A few months I argued with a friend (guess who) about oil’s rapid rise to $147 a barrel. He said demand from India and China was causing the price increase, I said a speculative bubble. Now that the price has dropped to $61 a barrel, I’d say the bubble has popped and we are now approaching the actual value of petroleum. An investment banker friend of mine confirmed my suspicions during a discussion of the price elasticity of gasoline. When asked about the cause of the recent rise and fall in the price of gasoline he answered:  

Speculation. Prices became detached from supply and demand fundamentals. The “invisible hand” pushed prices back down to equal the new lower demand. The lowered demand though is indeed a function of lowered quantity demand (def some endogeneity), which was itself a function of higher prices, and the higher price was really a function of the commodity markets, which had become disconnected from s&d and was being pushed up by speculators and the persistent supply-side fears.
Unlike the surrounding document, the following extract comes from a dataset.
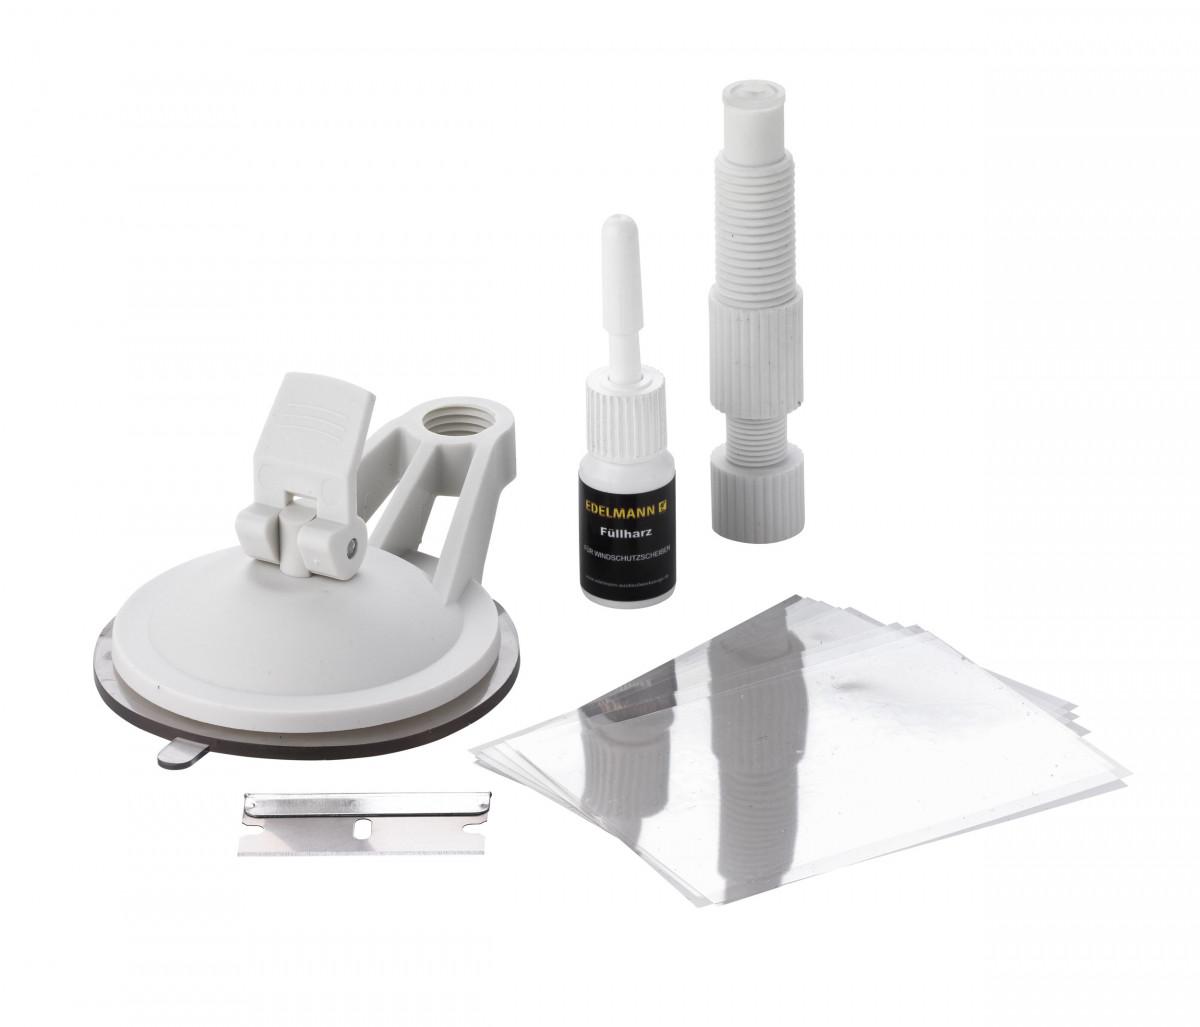 diy scheibenreparaturset windschutzscheibenreparatur steinschlagreparatur. Black Bedroom Furniture Sets. Home Design Ideas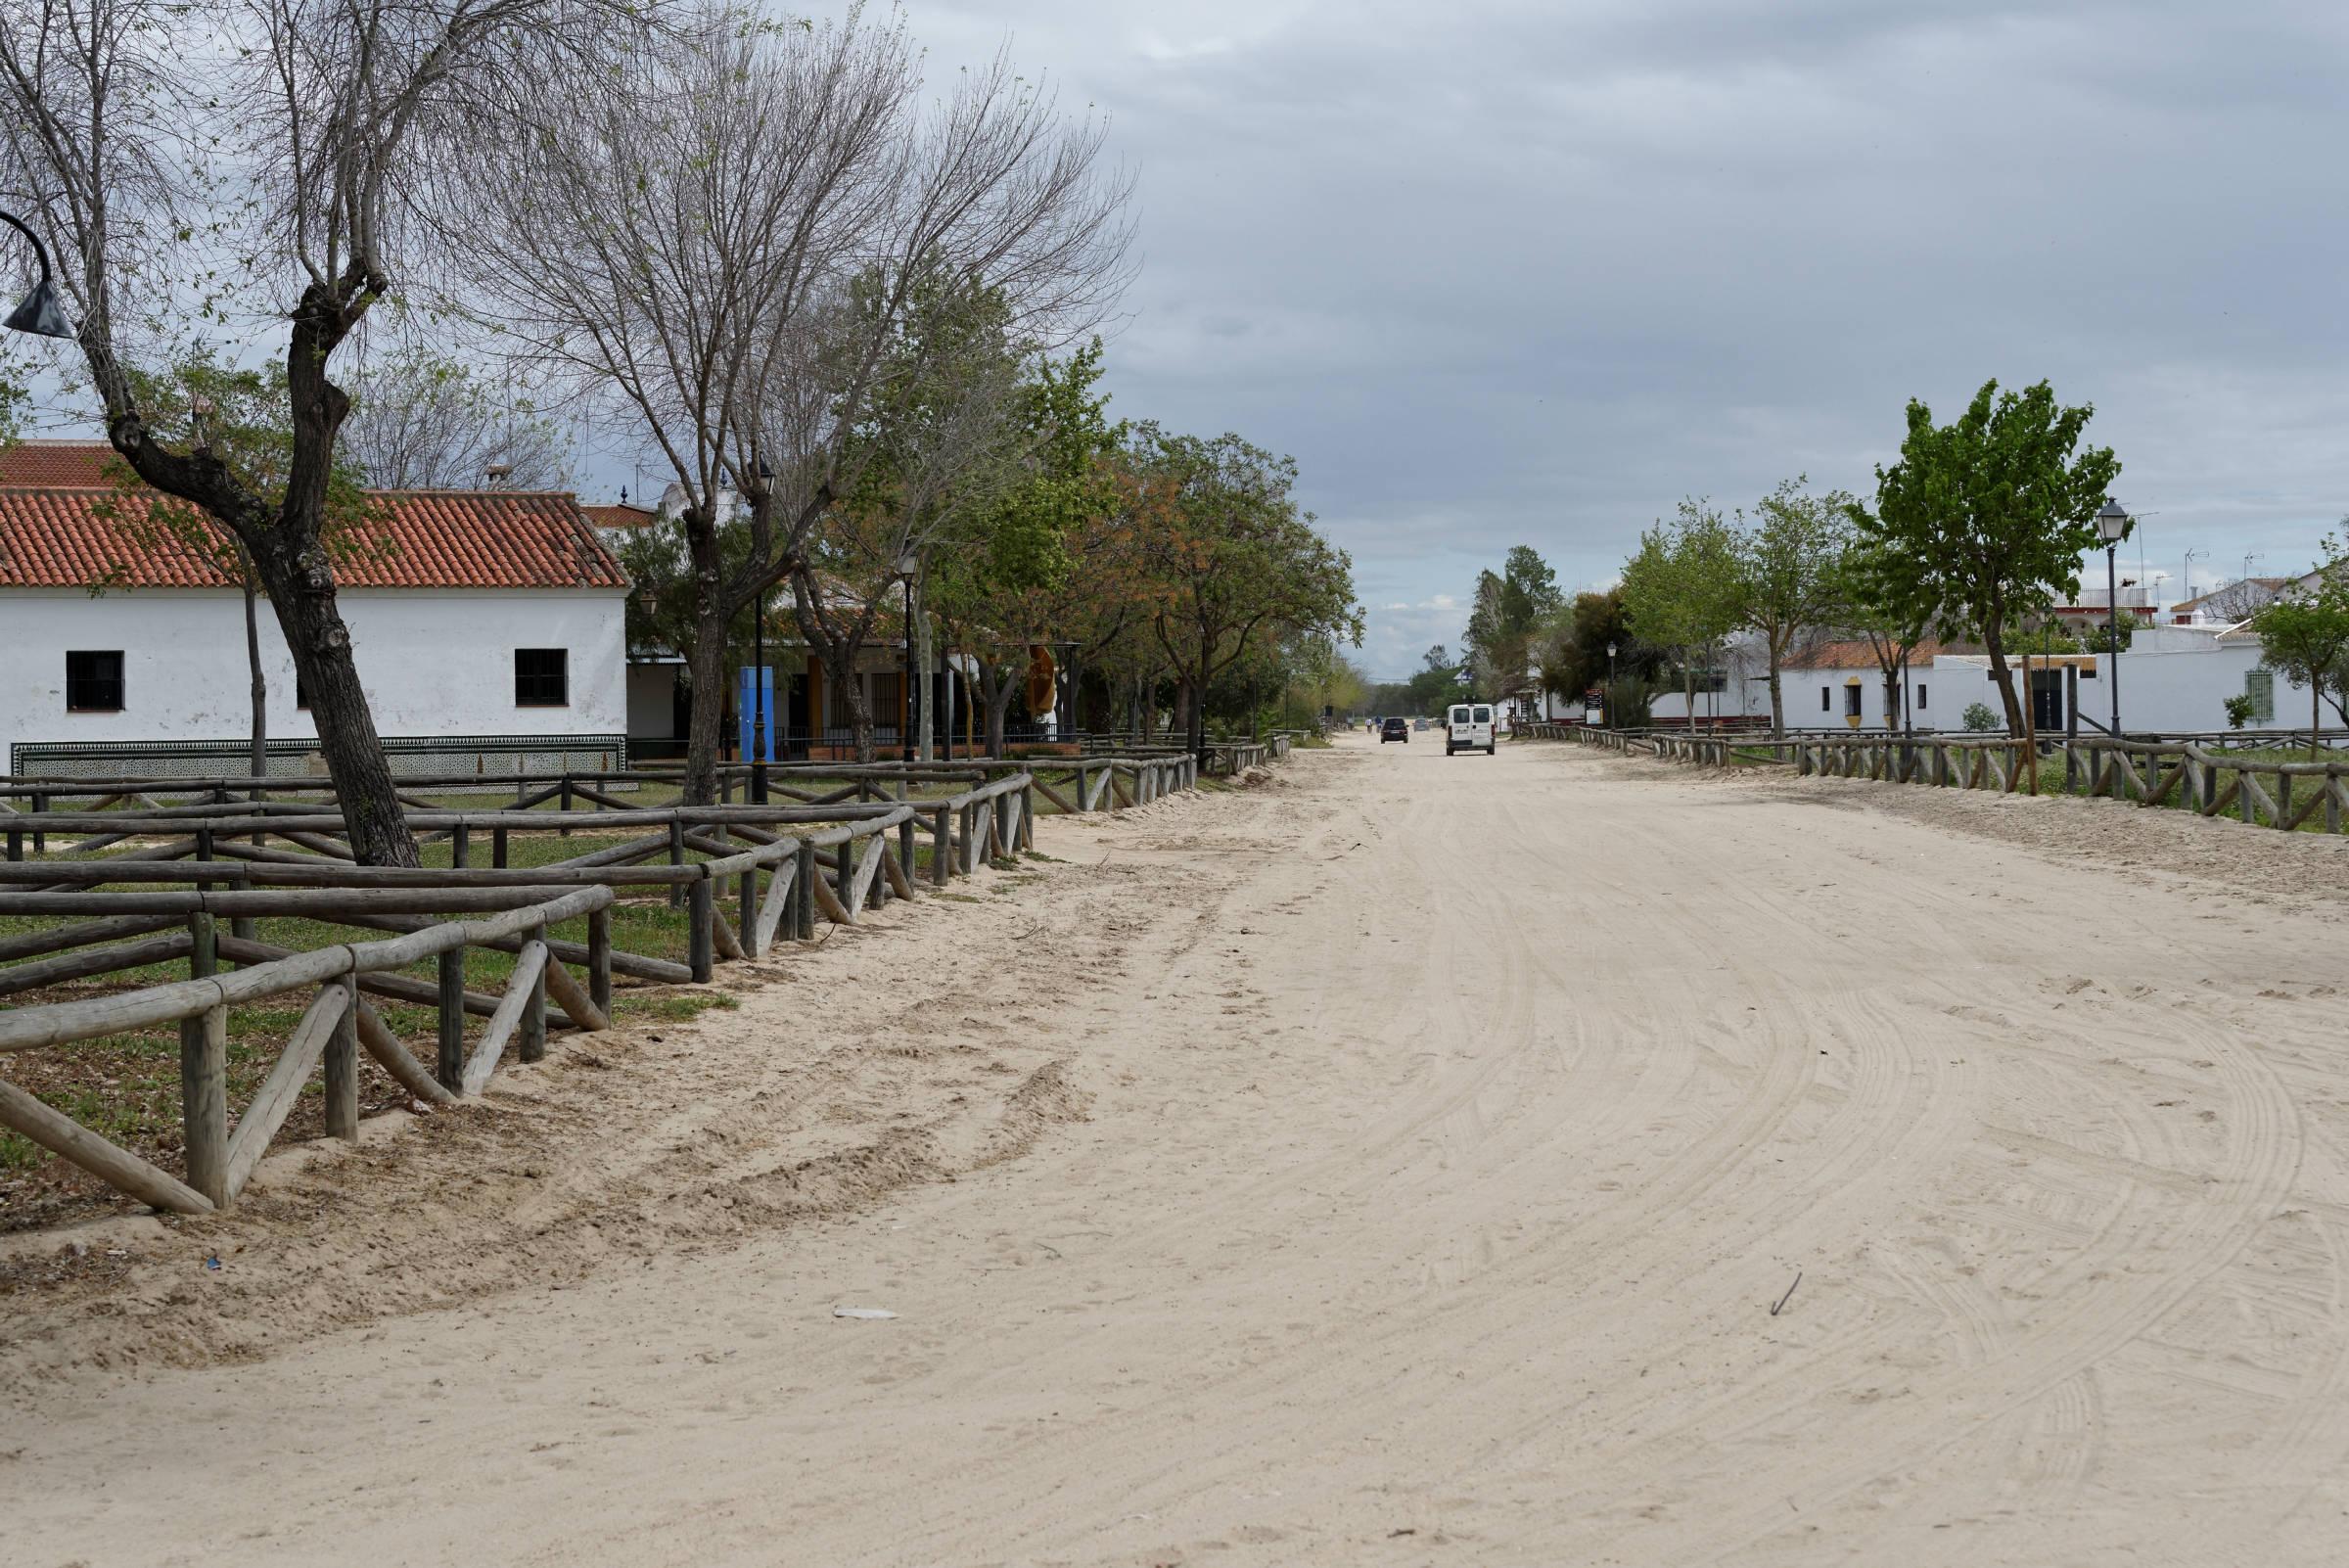 160409-El Rocio (Andalousie) (1161)

So there was stable supply but demand was driven by higher prices than what the equilibrium would have predicted. Quant. Supply > quant. Demand caused prices to go down. It’s been awhile since we’ve seen demand-side pulls have an effect. Take away is that because consumers weren’t 0% inelastic, supply and demand reached a new equilibrium that resulted in lowered prices. If we were 0% elastic, than even if there was a disconnect from s&d equilibrium, we’d still demand the same amount. We didn’t witness that. People stopped driving.   

 

(Note: this is Zoe’s boyfriend, and he sounds like a textbook)

2 Responses to “The Oil Bubble”

  1. boose Says:

    relying on experts to verify our cases? Tsk tsk.

  2. Michael Says:

    I’m relying on the fact that oil futures have decreased almost 60% in the last month, with an expert explanation to back me up.

    Unless you think demand dropped THAT much to cause that kind of price cut.